Which fastai 1.0.48 has the fix…
My advise is if you want to use kaggle kernel (P100 GPU)
On the first cell, run
!conda install -c fastai fastai --yes
after done, import fastai fastai.__version__
check it is 1.0.48
Now you can go back to set the learn = cnn_learner(..., model_dir = '/kaggle/model')
@shlyakh: You can find out which version of fastai you are using by putting in this code: import fastai; fastai.__version__
@heye0507: It’s weird that you get an error with my code, because I used (and am still using) version 1.0.46 as well. In your error message it seems like your code still points at the input? It might also have something to do with the learner. I create it like that: learn = create_cnn(data, models.resnet34, model_dir = '/tmp/models', metrics=error_rate)

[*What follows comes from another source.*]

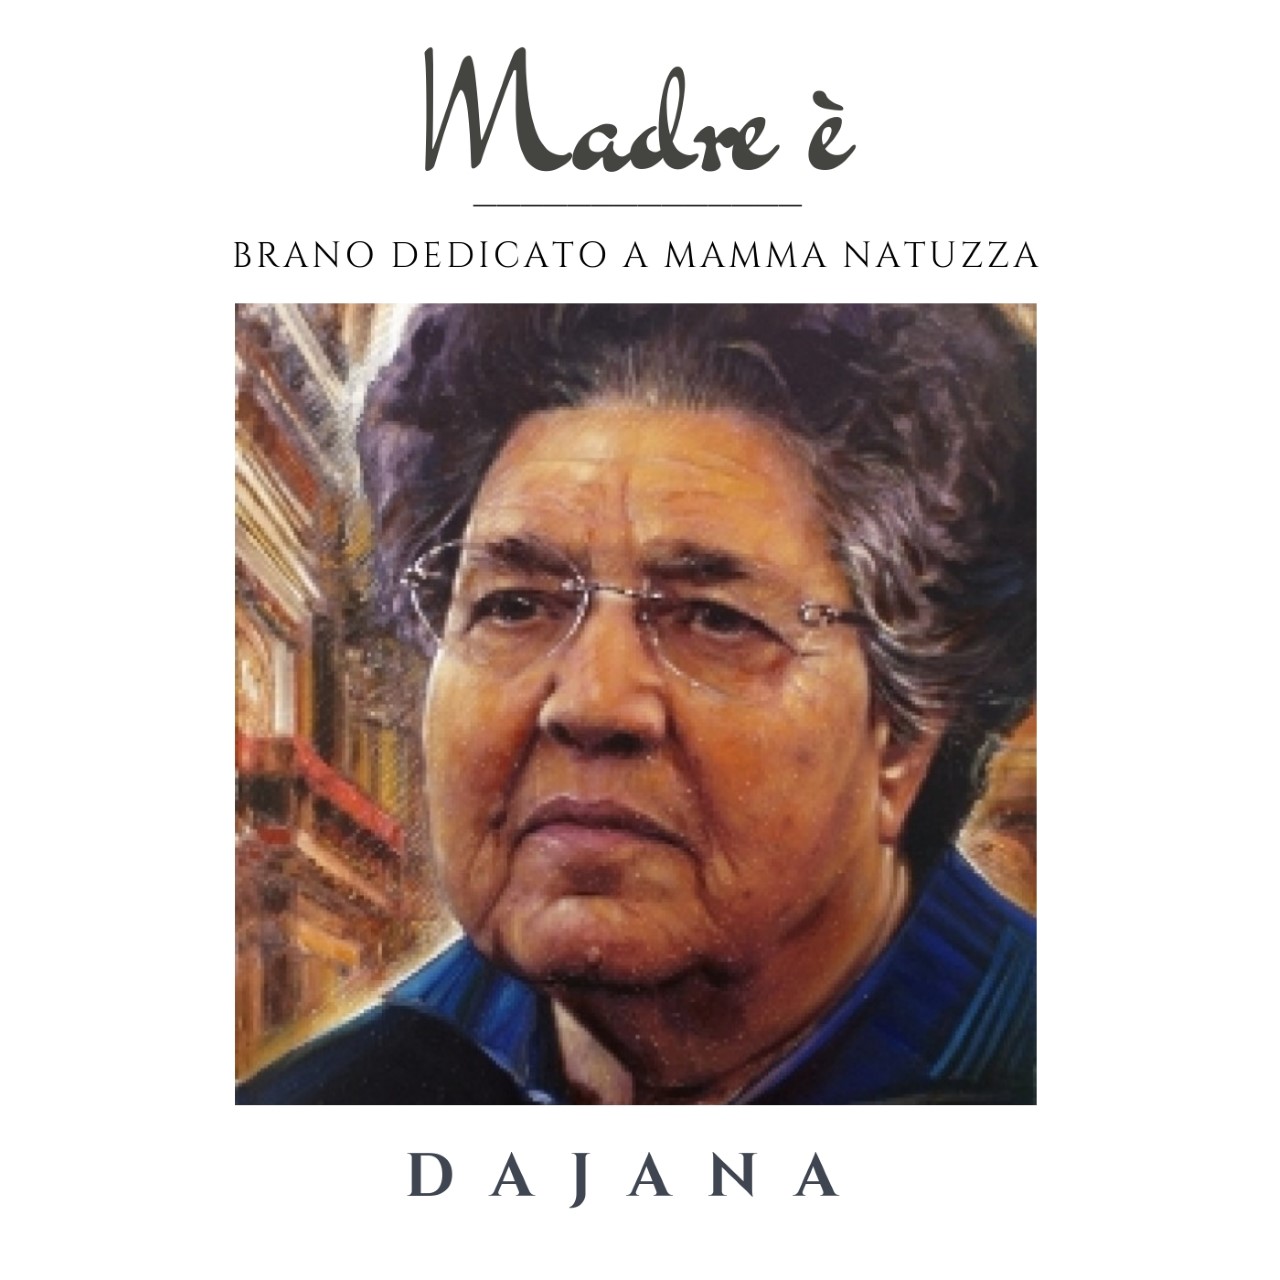 RECENSIONI. È online l’atteso video di “MADRE È” il brano di DAJANA dedicato a MAMMA NATUZZA

But anyway: now we have two options and with an update on 1.0.48 this problem seems to be gone, just like you wrote
is there a way to download a model after some epochs in kaggle without commiting, like if I train a gan model, the commit will go on forever as I stop the cell running manually in colab I usually go to the folder structure and download the model file or save in in google drive.
yes I know about the csv method but it only works for files around 2mb and csv files https://www.kaggle.com/rtatman/download-a-csv-file-from-a-kernel
it is a pkl file, being able to download any file would be great though as even after commiting I cancel the commit and I get a error that folder structure is too large, more than 6 and no outputs files. Im looking to a workaround now.
the solution seems to be around zipping the file and then deleted the folder contents to not get the too many outputs error
!zip -r output.zip /kaggle/working/
!rm -rf /kaggle/working/*
So I was able to get the commit to pass but there is not output zip file, is there a specific directory I need to move the output.zip file to get it to show up as output?
You probably haven’t saved the model in the correct directory… Otherwise, the model should be downloadable from the output section of the kaggle kernel
Hey all, I’m getting Bus Errors when trying to look at a batch from my DataBunch. I’ve successfully downloaded the images into the kernel (I don’t know if this is the correct way to say that) and have created the data bunch but the following line is throwing errors:
Hi. When I was doing the second lesson I wanted to try to run the bear recognition model on my machine. As they say in the video it’s better to learn the neural network with GPU but after model is ready I can use a CPU for image recognition. I saved a model to a file in a Kaggle kernel but I can’t find a way of downloading it. Is there a good way to get files from kernel or it’d be easier to do it in different environment?